If academia is contributing to the lack of innovation in this country, then maybe it's because we expect the wrong things from academia? I don't mean to say this as another pompous American, but when I used to chat with friends from abroad back in school, I was struck by how many of them had a uniform educational experience. This wasn't a blanket effect and there were more than enough exceptions to produce many of the most awesome researchers I've met. Back at home though, even the countries that had effective programs to retain their top talent suffered from a lack of innovation.

By contrast, there is no standard curriculum at the top 5 US universities for CS. But most of the kids coming out there are shills anyway. I went to one of the good schools, and many kids (and their parents) were concerned about whether what they were learning would "prepare them for the real world". That basically meant: did it teach you Java or consulting? You see what's happening? What our education system didn't do to them, their own expectations of college did, and sadly, they seem to have done it to themselves just as badly as the education system of those foreign countries did.

But education isn't about churning out stamped spoons, and that's why crap like that No Child Left Behind Act bothered me so much. Where we went wrong is that we began viewing education as something everyone is entitled to, for all the wrong reasons. Education is not factory farming. Steve Jobs took calligraphy because he thought it was interesting, and no one thought what the Google guys were doing was "practical". I'll wager that the Google guys did it because it seemed like nerdy awesomeness to transform web search into a giant linear algebra problem. Just as Academia is about exploring the boundaries of what we know, Education is about enriching one's thought process, and that's the leading source of innovation in our modern economy: good ideas from the fringe, implemented intelligently and autonomously.
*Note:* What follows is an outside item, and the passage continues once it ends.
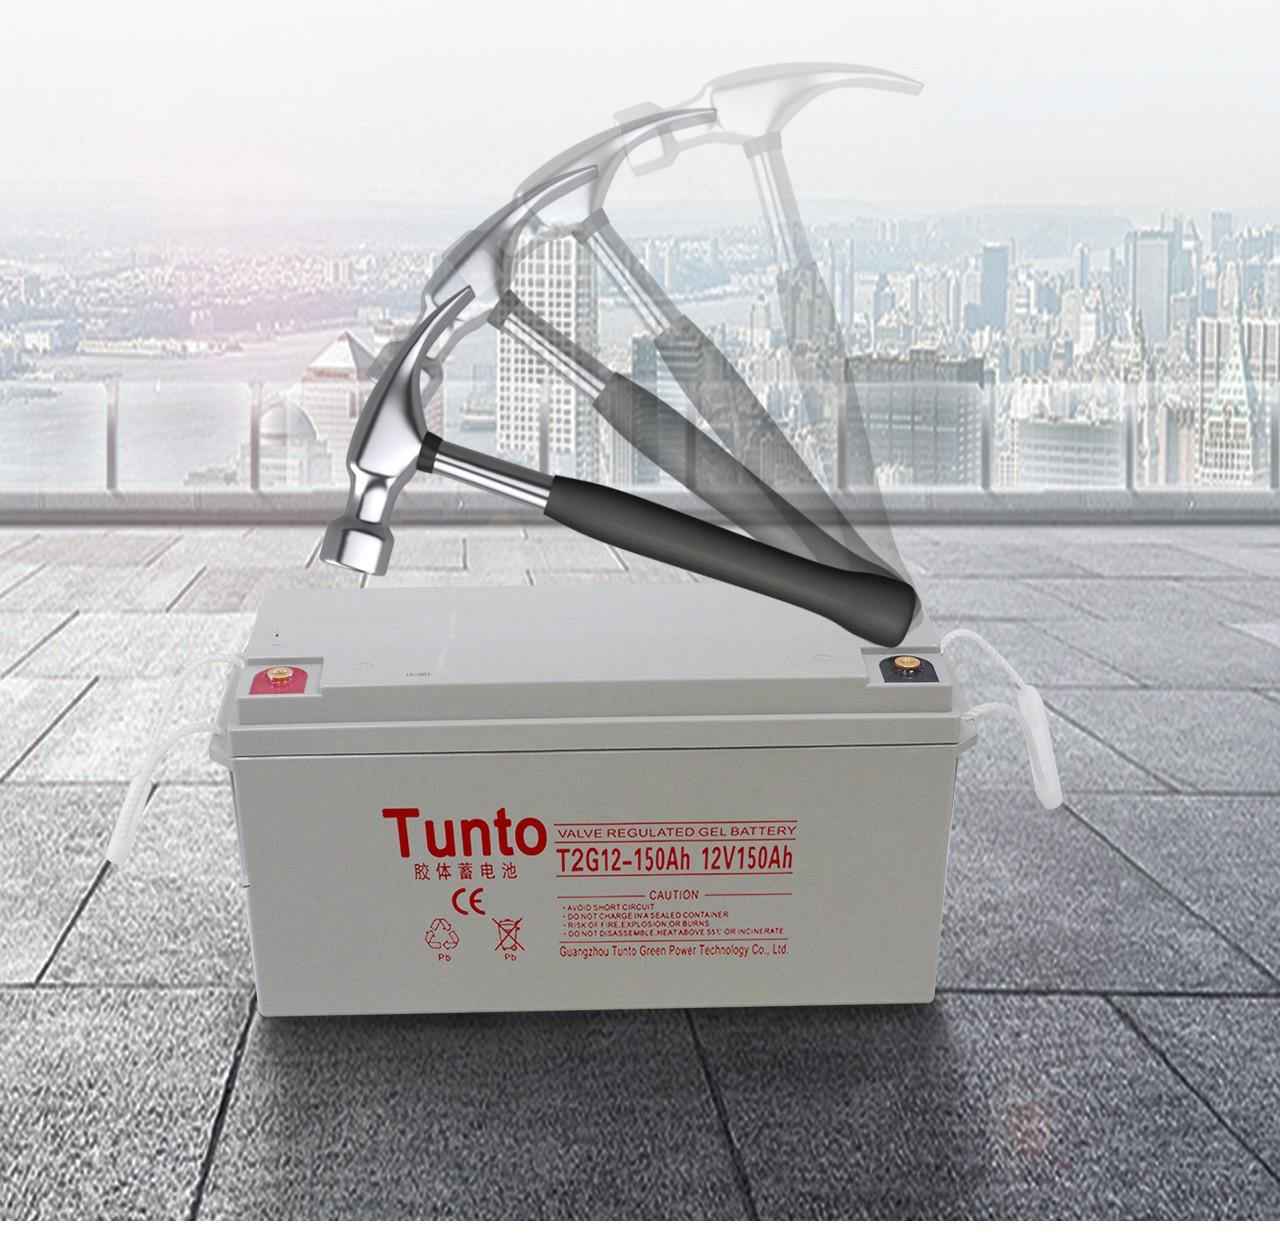 Tunto 30w bright solar lights manufacturer for garden-2

The entitlement of success that seems to follow from attending college is what's broken. The expectation that you will get a cushy 9-5 job in return for that diploma is what's broken. It in essence is a laziness of the mind, an unwillingness to chart out one's own path, the very idea of which is quite unacademic.

6 comments:

Unknown said...

Spot on.

Nathan Nifong said...

It was the decline of manufacturing that was cited by Bruce Jacob as responsible for the decrease in the growth of American wealth. He said that Academia was only indirectly responsible because it seemed to oppose industry and keep America's young minds at a distance from the real problems we face.

I believe college is more or less just wasted money and time. My real passion for inventing was cultured by K-nex and the TI-83.

Anonymous said...

Some of the more interesting practical ideas lately are emerging from very unexpected sources. Chatroulette was thought up by a young russian hacker. DirtyPhoneBook was thought up by a Vegas Stripper of all people. Academics are suffering from a focus on politics that's created in the modern workplace in my judgement.

blu3wat3r said...

You are right, I would add a CS example:

In the industry, most of the shops churn out "products" and look out for solutions rather than advancing the field.
While industrial R&D of big companies and academia produce principles and methods that enable the industry to actually build the products easily.

Also, there is a difference between academic research and academic teaching. Again in CS example, it does not make sense much to teach "technologies", if you can learn them from a book, faster.

Good response.

Anonymous said...

Both are broken, but this is a larger web of ass I don't wish to untangle right here, right now. A lot has to do with stupid reductionist world views and this unity in diversity gone awry nonsense. But that's a whole other discussion.

Main point is, yes, education is as a right diluted it to form a factory. But you know, that's likely the whole idea. After all , the American school system is modeled after compulsory Prussian education as a means of generating a servile and predictable workforce. And don't tell me hackers are any different. The counterculture nonsense is nothing an expression of childish resentment, and in many ways worse!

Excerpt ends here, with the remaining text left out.